Git clone over Bitbucket takes a long time even when cloning from an empty orphan branch

I used this command:

git clone repo_url . --branch some/big/master/branch --single-branch

I am trying to clone one single branch but this time, not an empty branch, it is one of the relatively big branches with many large ZIP files with the LFS feature turned on.

The cloning process seemed to work fine, but it froze for more than one hour.

Then, I pressed ctrl-x or ctrl-c to break the process, and used this command:

git fetch
git reset --hard origin/some/big/branch

It starts doing something, then it will freeze again for what looks like forever.

Any idea what is going on?


Update 1

I then closed all windows, restarted the laptop, and tried again, and it finished in 30 seconds.

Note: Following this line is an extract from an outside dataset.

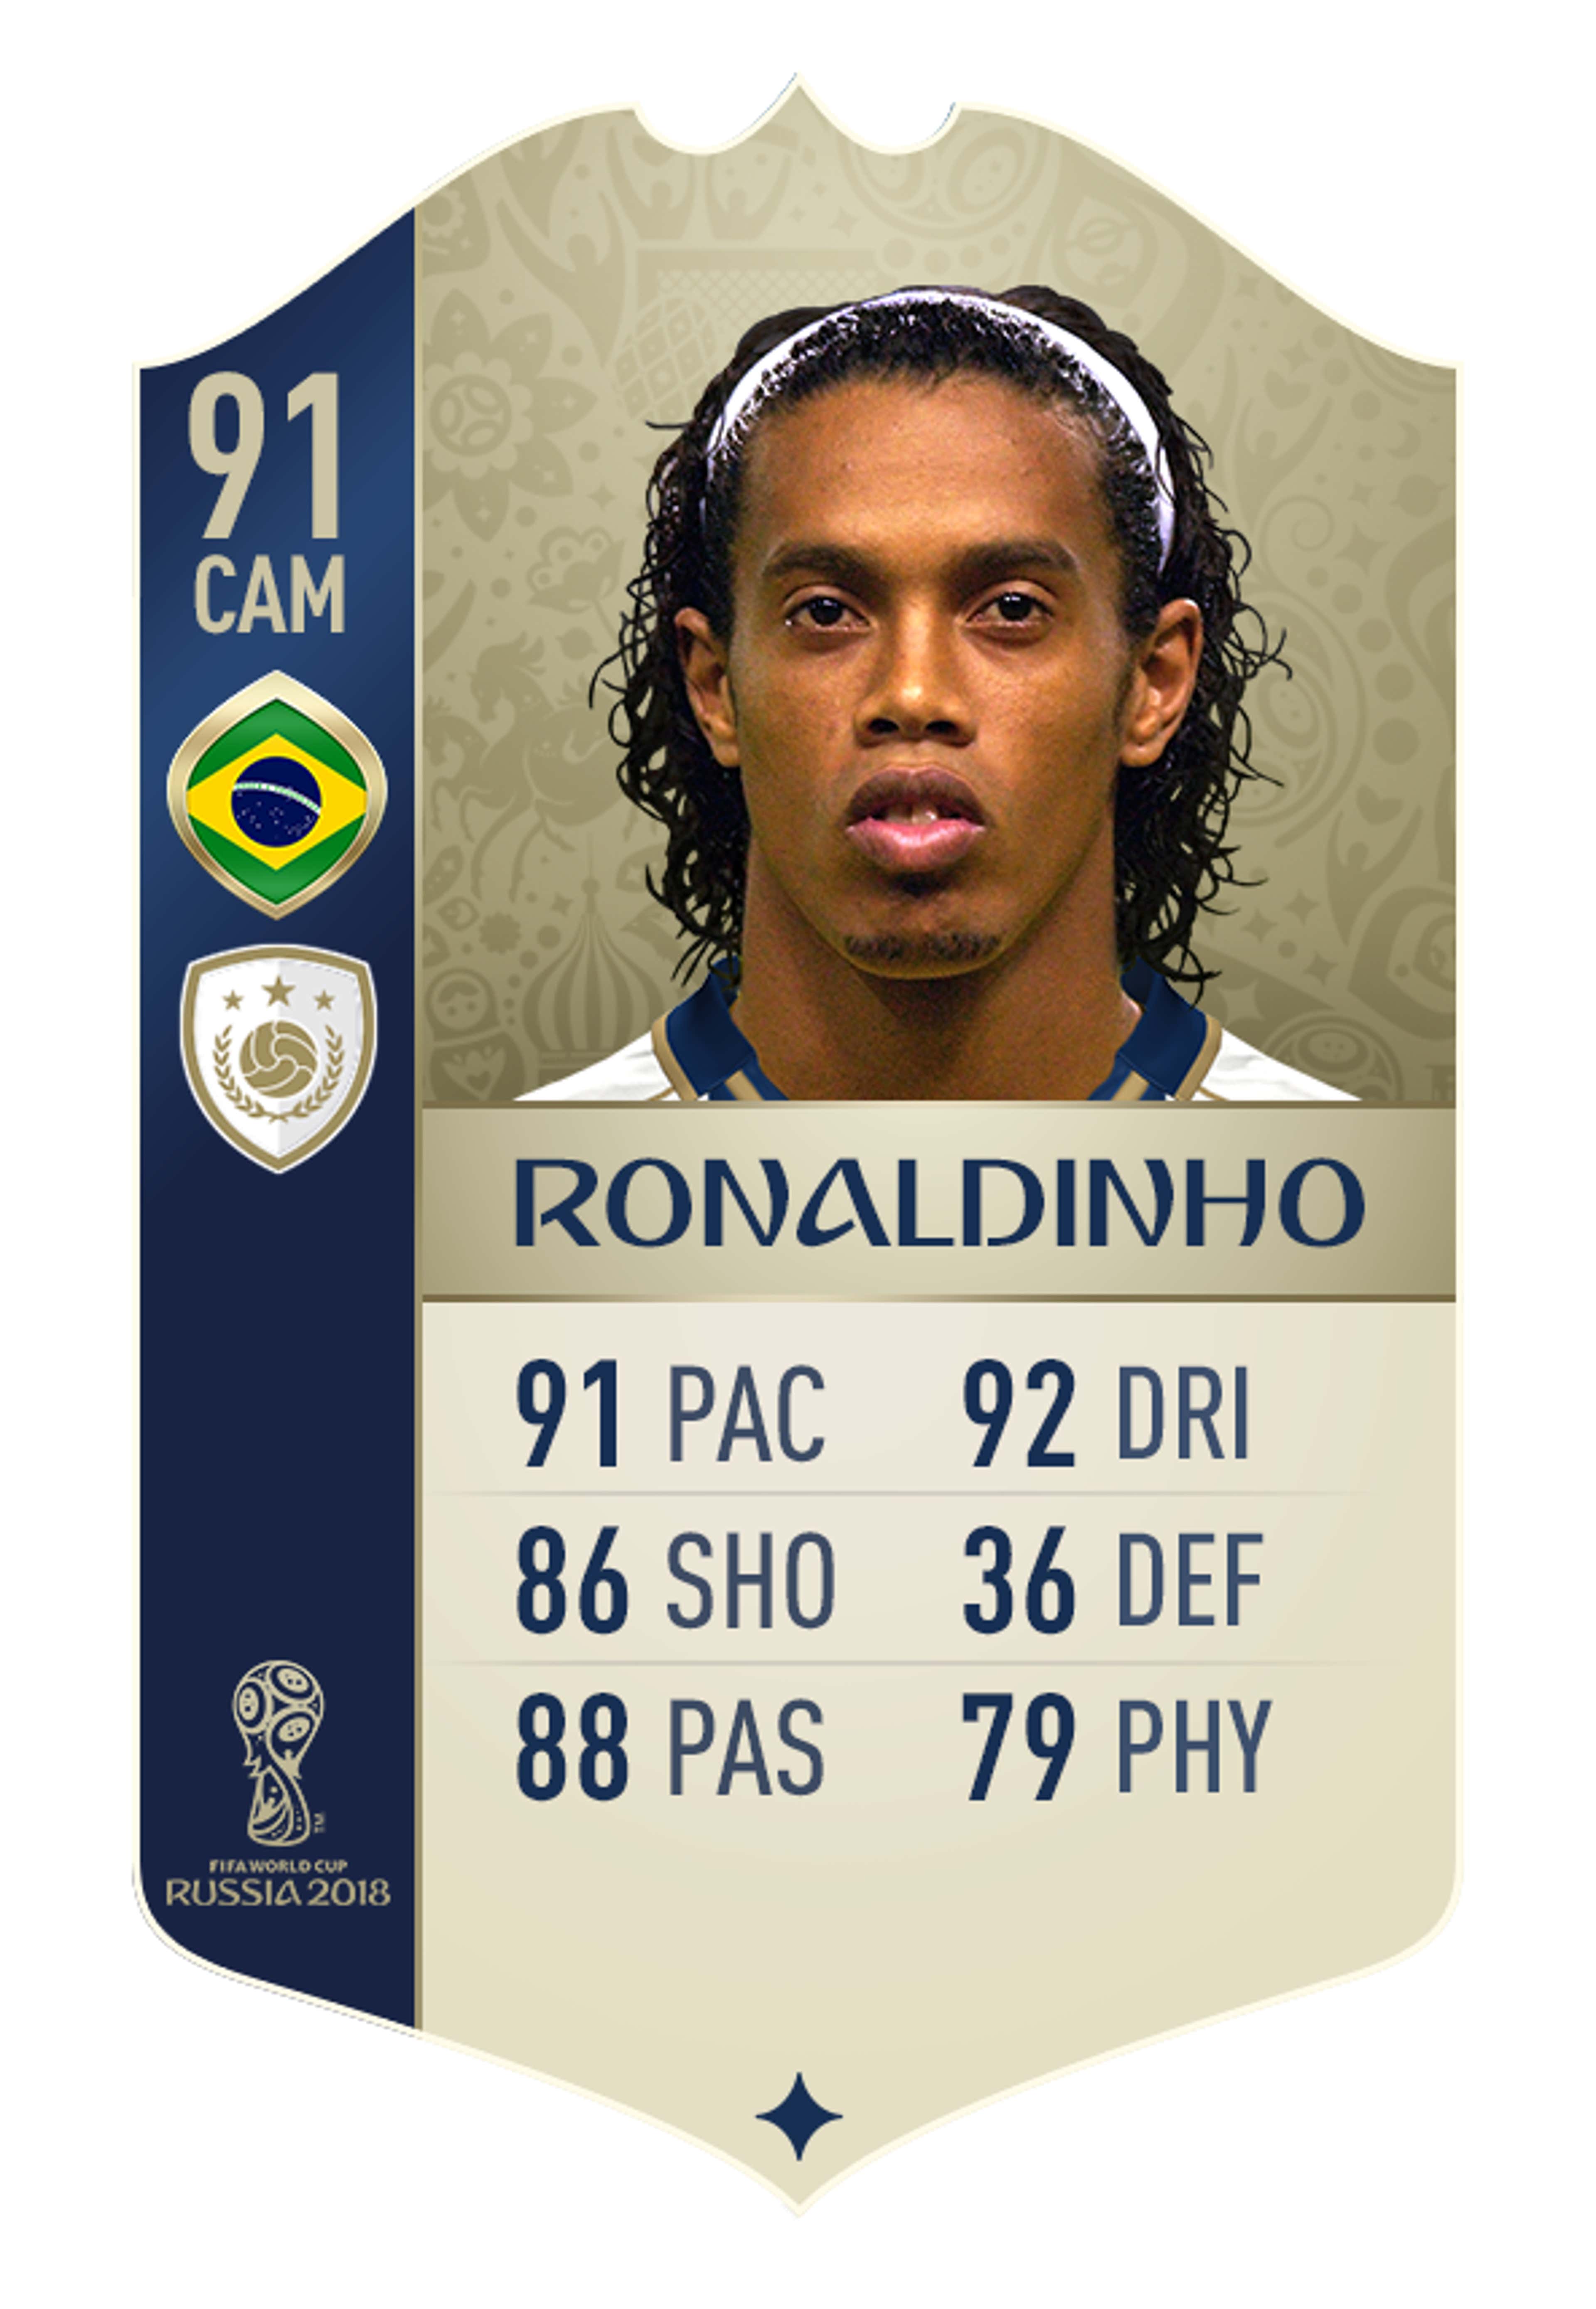 Ronaldinho FIFA 18 World Cup Icons

Is this probably because git needs a lot of resources to clone LFS files? I have pushed a good number of ZIP files with LFS turned on.


Update 2:

I did another round of tests with and without the --single-branch switch. I noticed that running the clone from another colleague's laptop, with the single branch switch, is faster than without the single branch switch and it took a max of 10 seconds to complete in both cases. But, from my laptop, it took 5 minutes to complete without the single branch switch I checked Task Manager and didn't find any reference to GIT-LFS. I ran the cloning process on my laptop with the single branch switch, and it finished in 10 seconds.

So the problem is really cloning any repo without using the single branch switch, and it is on my laptop.

This means the problem is either in my laptop resources or some config that allows git to run and exploit the available resources.

Is there some config to let git run more efficiently?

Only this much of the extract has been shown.